City Roast Columbian coffee costs  $7.80 per pound.

French Roast Columbian coffee cost  $8.10 per pound.

In total, we have to make 20 pound blend.

Blend costs   $7.92 per pound.

Let number of pounds of City Roast Columbian coffee  = $x$.

Let number of pounds of French Roast Columbian coffee   = $y$.

As joseph has to make 20 pounds blend in total so,

$x+y=20$

And if we will balance the total amount of money then,

$$\begin{gathered} 7.80x+8.10y=20\times 7.92 \\ 7.80x+8.10y=158.4 \end{gathered}$$

Now we have 2 equations as 

$$\begin{gathered} x+y=20 \\ 7.80x+8.10y=158.4 \end{gathered}$$

From the first equation,

$x=20-y$

Now we will substitute this value in the second equation.

$$\begin{gathered} 7.80x+8.10y=158.4 \\ 7.80\left(20-y\right)+8.10y=158.4 \\ 156-7.80y+8.10y=158.4 \\ 0.3y=158.4-156 \\ 0.3y=2.4 \\ 3y=24 \\ y=8 \end{gathered}$$

Therefore the pounds of French Roast Columbian coffee = 8 pounds.

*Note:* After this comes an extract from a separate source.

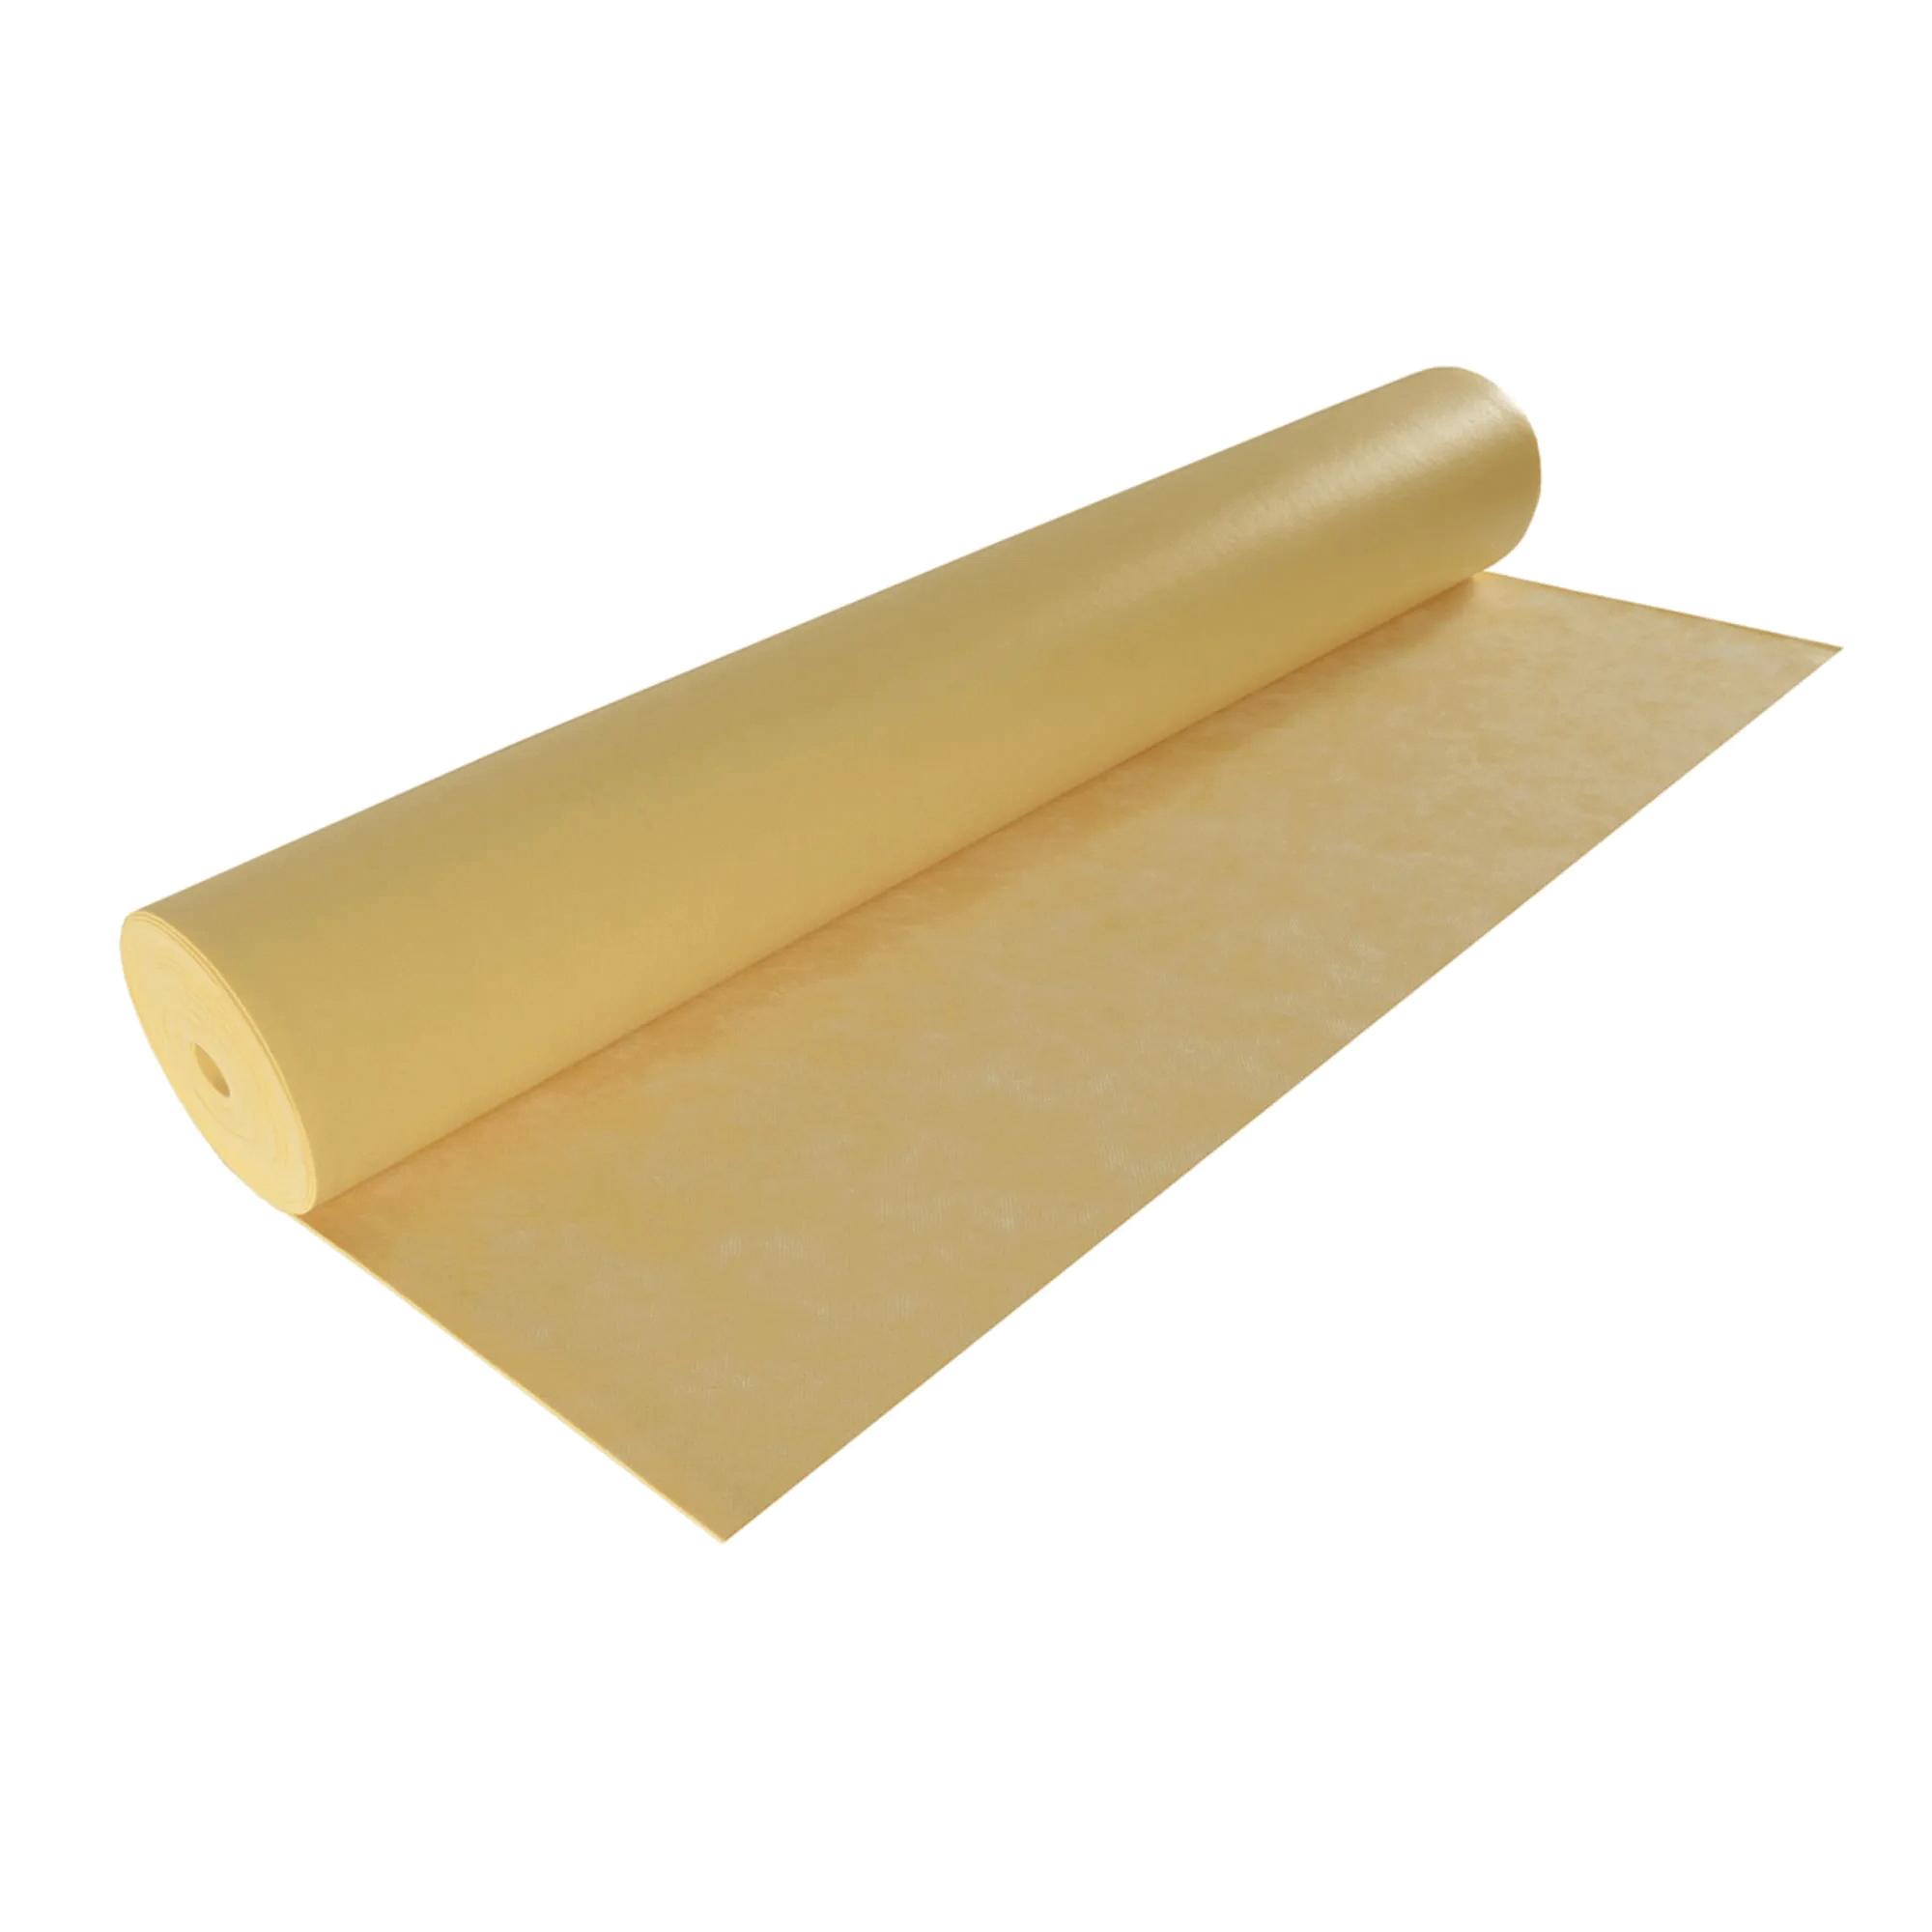 OmniChoice OC7200P Underlayment, 100 sq-ft Coverage Area, 33 ft 4 in L, 3 ft W

Now put this value in the equation 

$$\begin{gathered} x=20-y \\ x=20-8 \\ x=12 \end{gathered}$$

Therefore the pounds of French Roast Columbian coffee = 12 pounds.

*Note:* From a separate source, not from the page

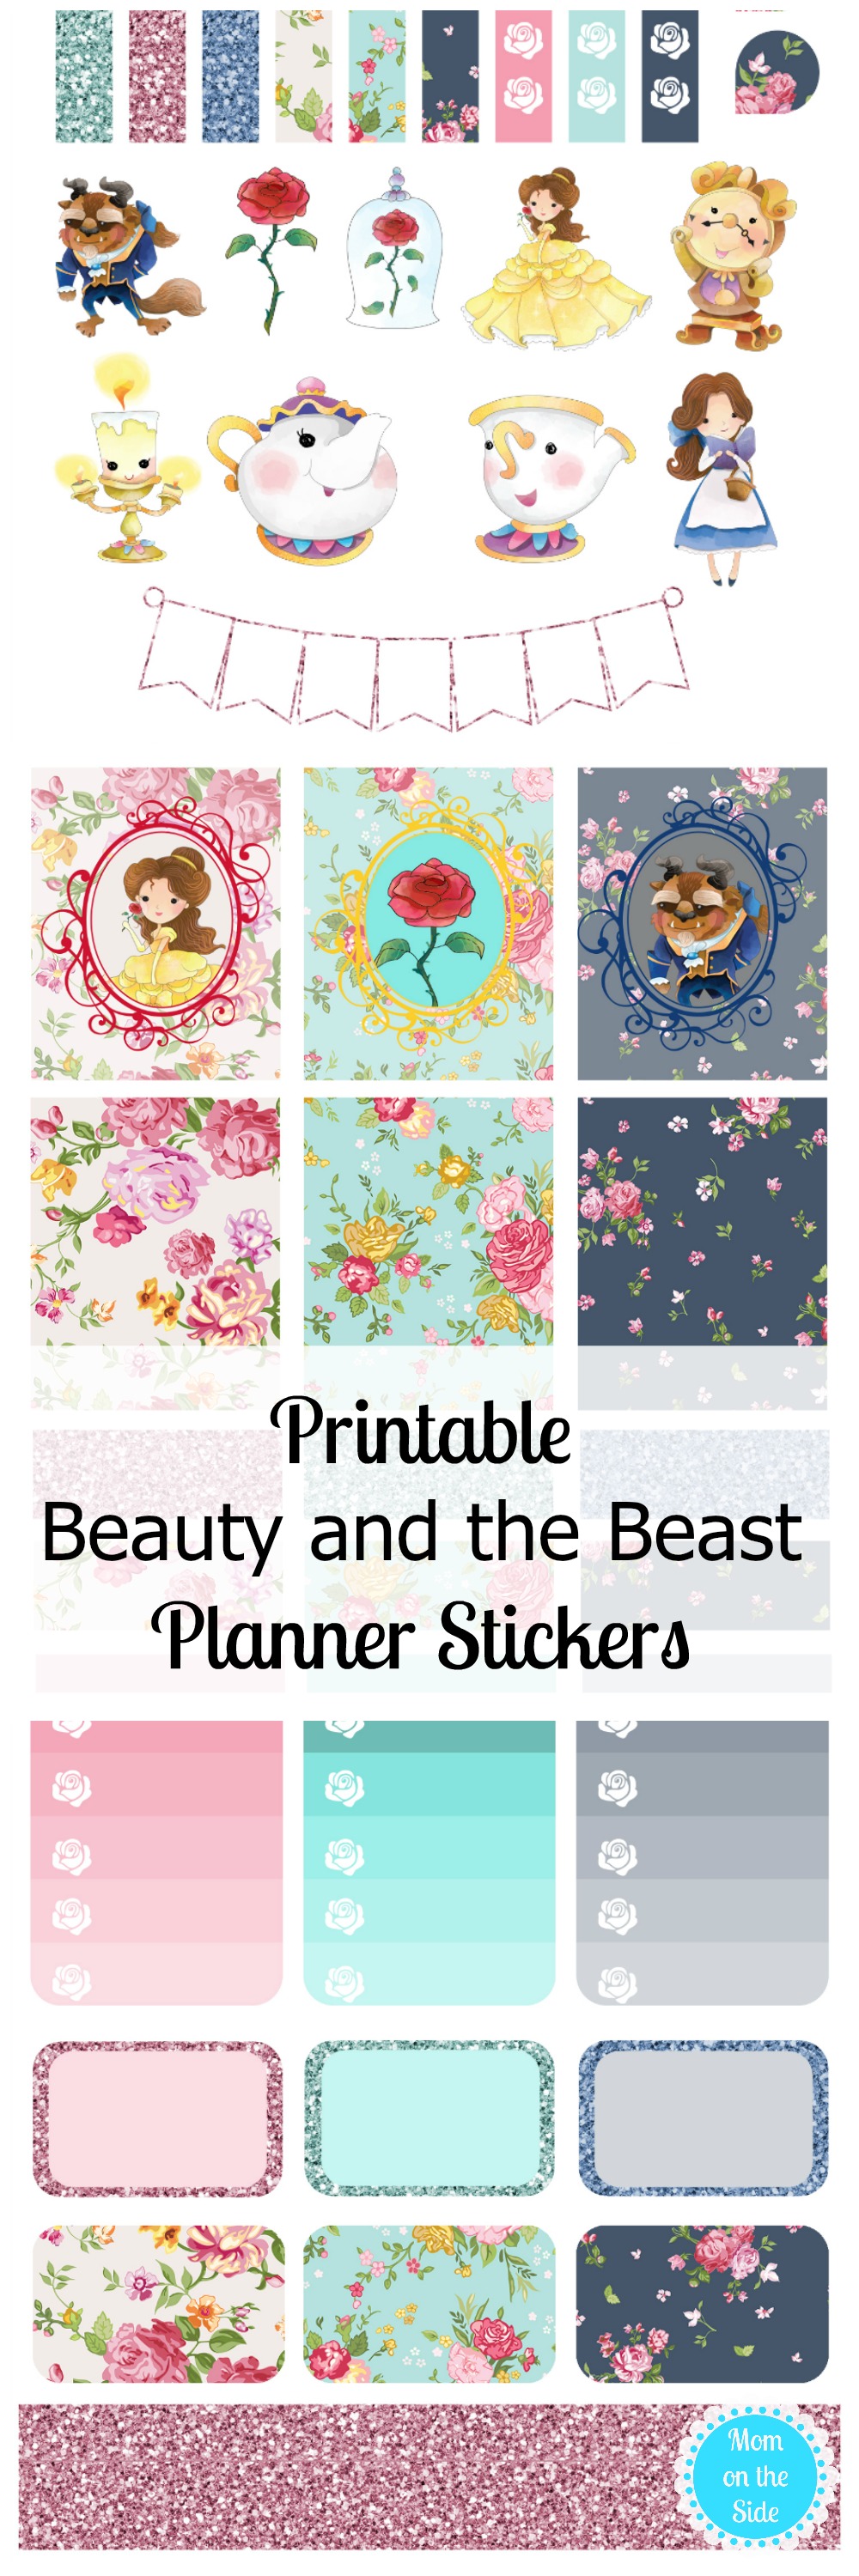 With Disney's Beauty and the Beast now in theaters, these printable Beauty and the Beast Planner Stickers are just the thing your planner needs!

Substitute $12$ for $x$ and $8$ for $y$ in the first equation formed.

$\begin{array}{rcl}x+y& =& 20\\ 12+8& =& 20\\ 20& =& 20\end{array}$

It is a true statement.

Again, substitute the values in the second equation formed.

$\begin{array}{rcl}7.80x+8.10y& =& 158.4\\ 7.80·12+8.10·8& =& 158.4\\ 93.6+64.8& =& 158.4\\ 158.4& =& 158.4\end{array}$

This is also a true statement.

So the point satisfies both the equations.